* TASK STATEMENT *
Starting with the line that has "fischer Tasselli prolungati" in the records below and ending with the line that has "新河县环洲水工机械有限公司", output those lines exactly and nothing more; omit the pictures.
======== DATA TO USE ========
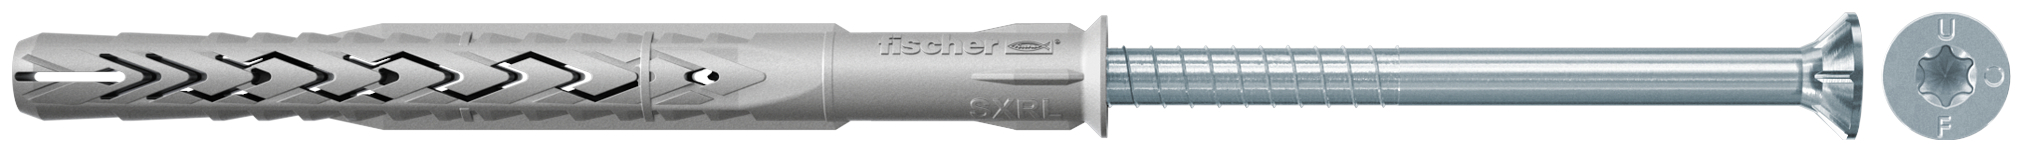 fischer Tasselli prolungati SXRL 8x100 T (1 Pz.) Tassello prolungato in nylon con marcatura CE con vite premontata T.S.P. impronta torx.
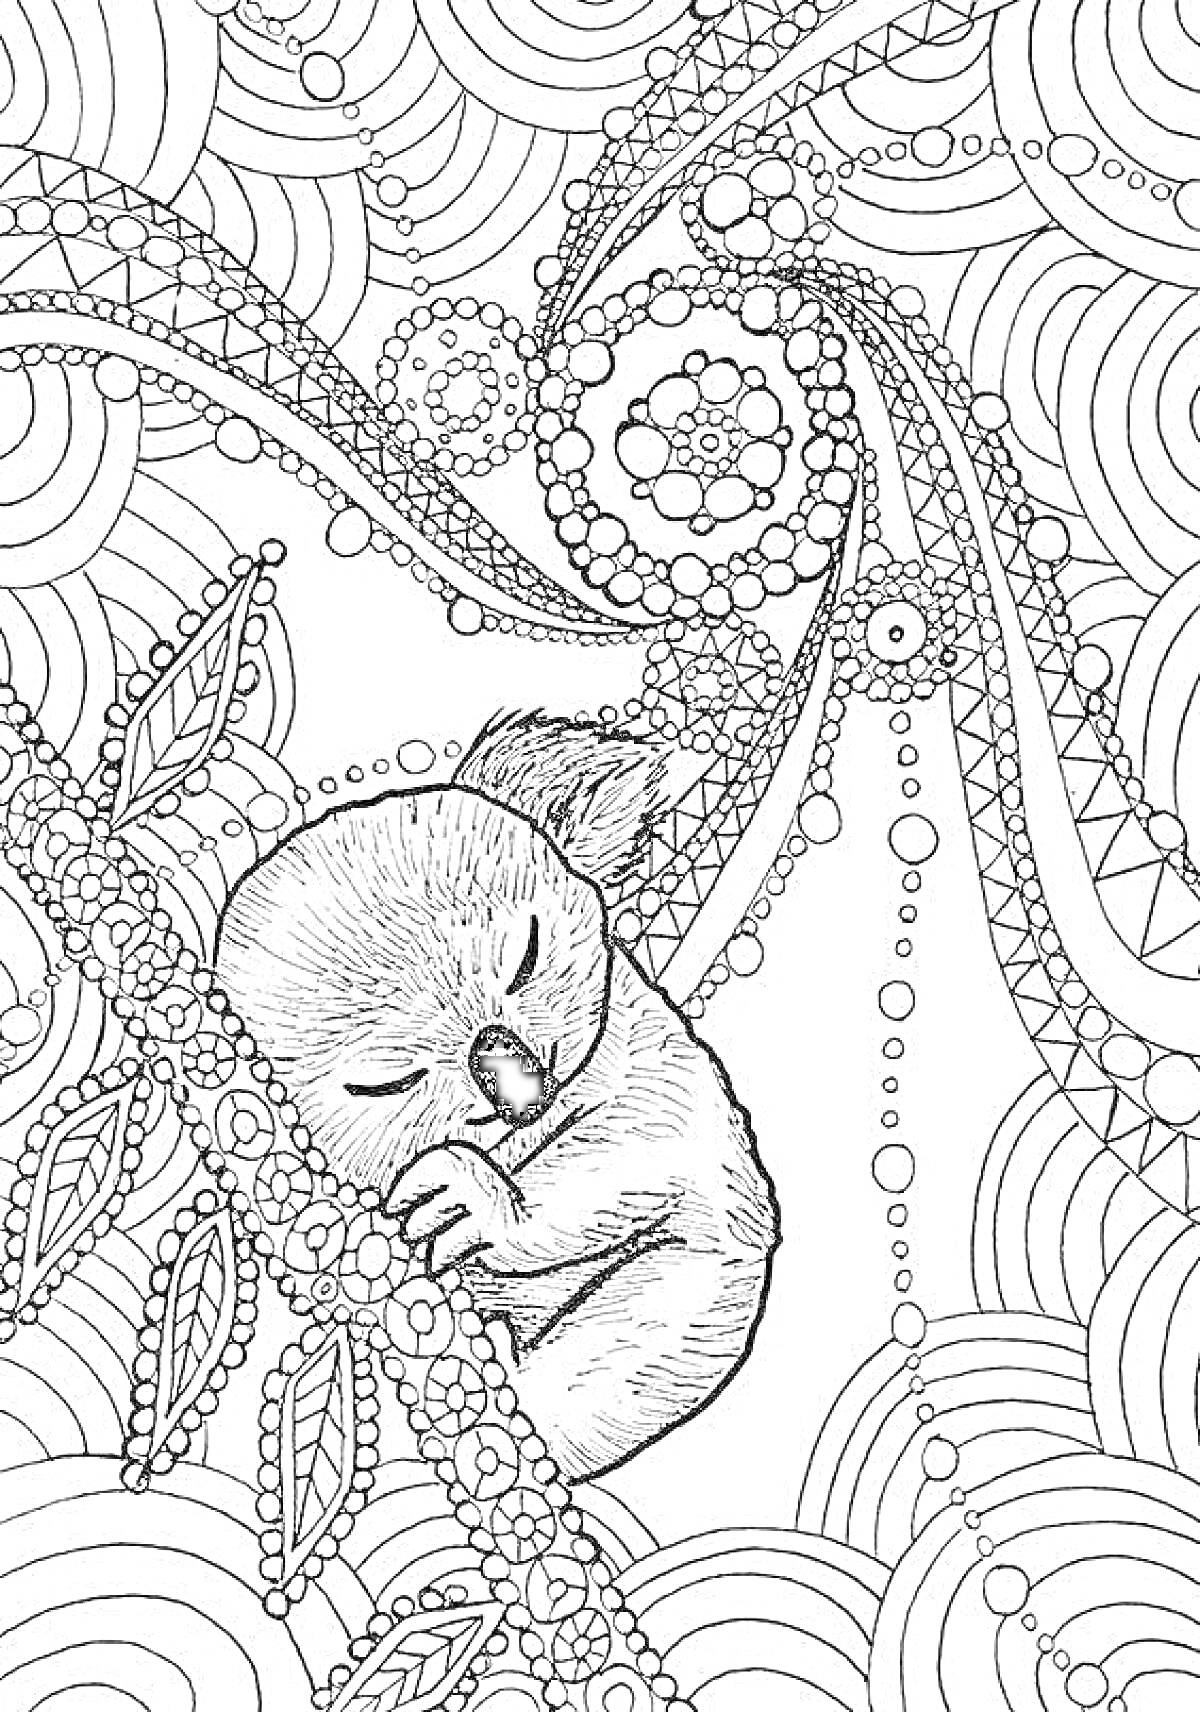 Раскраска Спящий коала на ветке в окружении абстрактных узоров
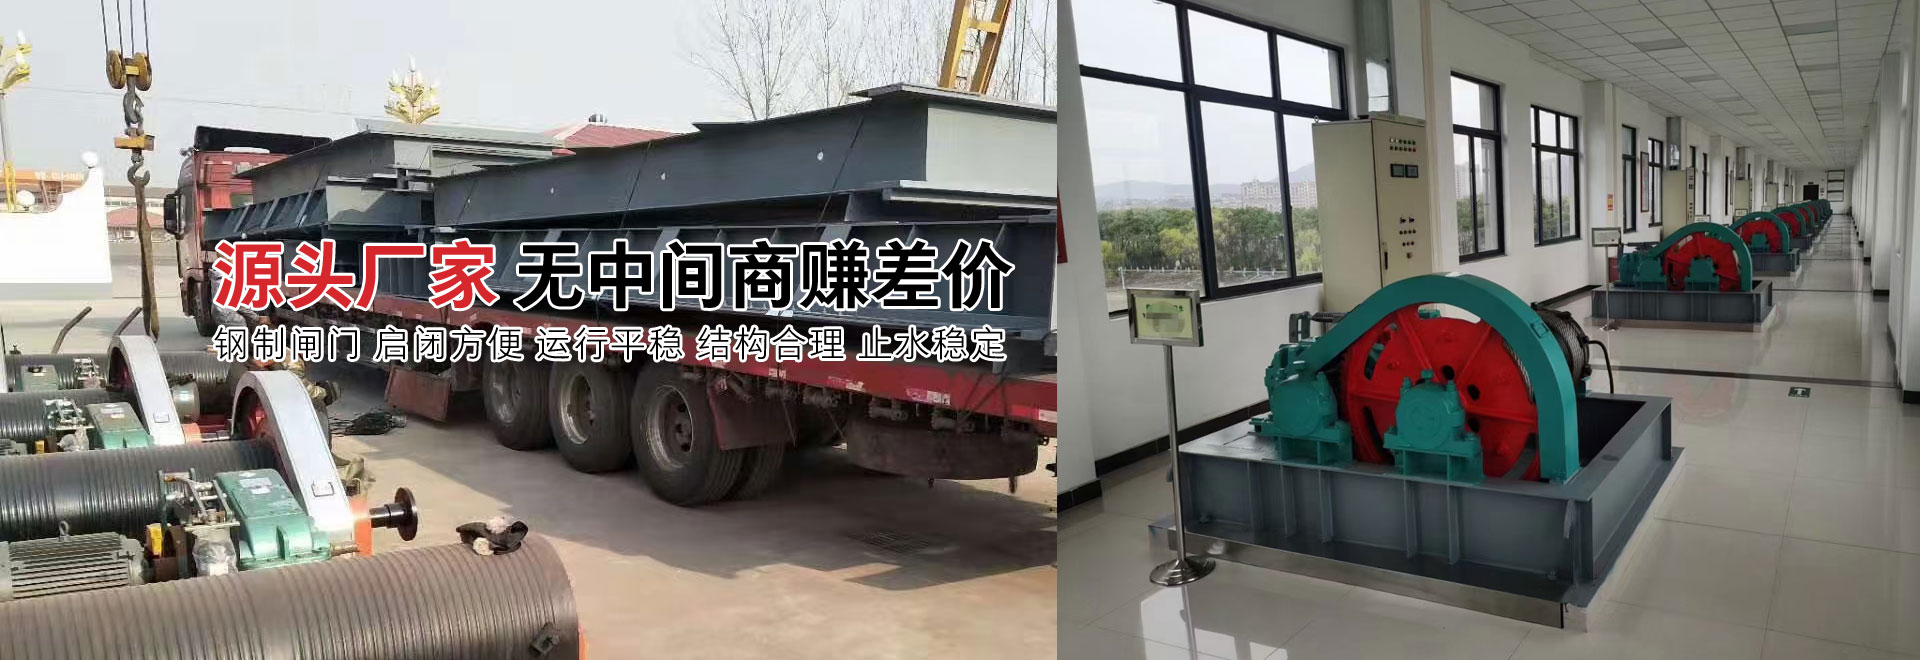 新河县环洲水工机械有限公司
========
======== DATA TO USE ========
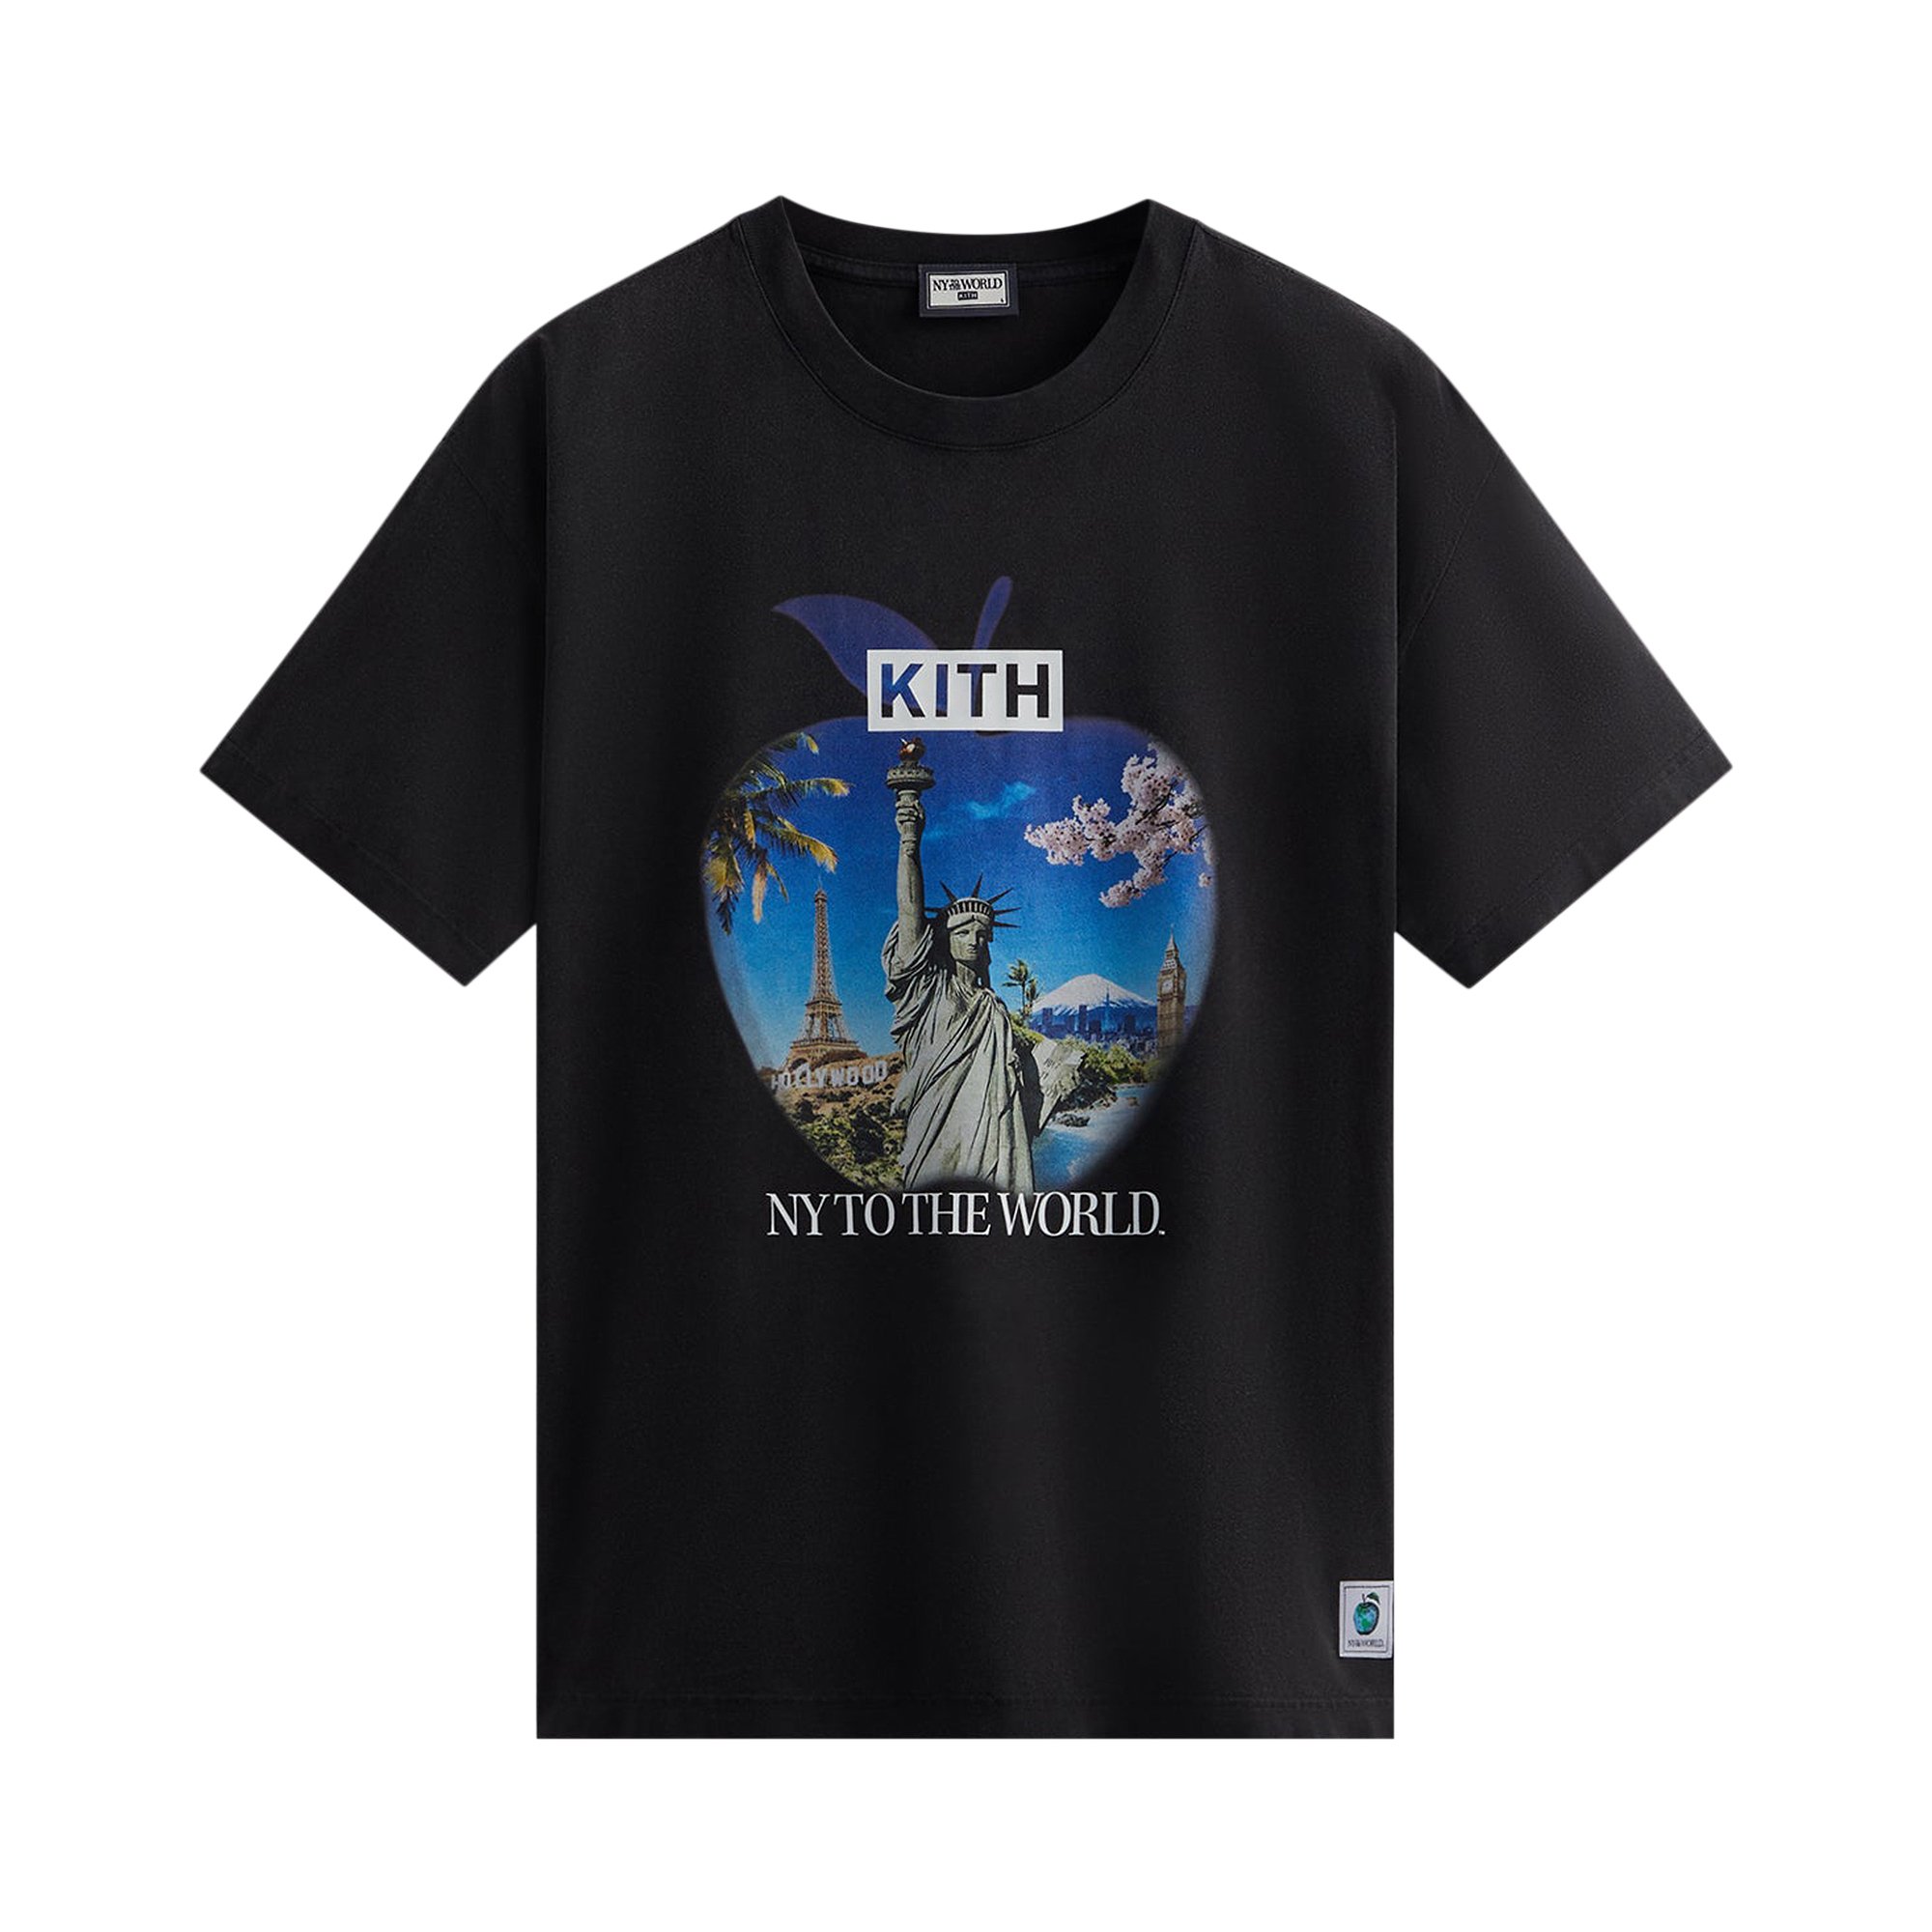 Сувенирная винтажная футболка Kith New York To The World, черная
========
* RESPONSE FOR THIS EXERCISE *
 fischer Tasselli prolungati SXRL 8x100 T (1 Pz.) Tassello prolungato in nylon con marcatura CE con vite premontata T.S.P. impronta torx.
 Раскраска Спящий коала на ветке в окружении абстрактных узоров
 新河县环洲水工机械有限公司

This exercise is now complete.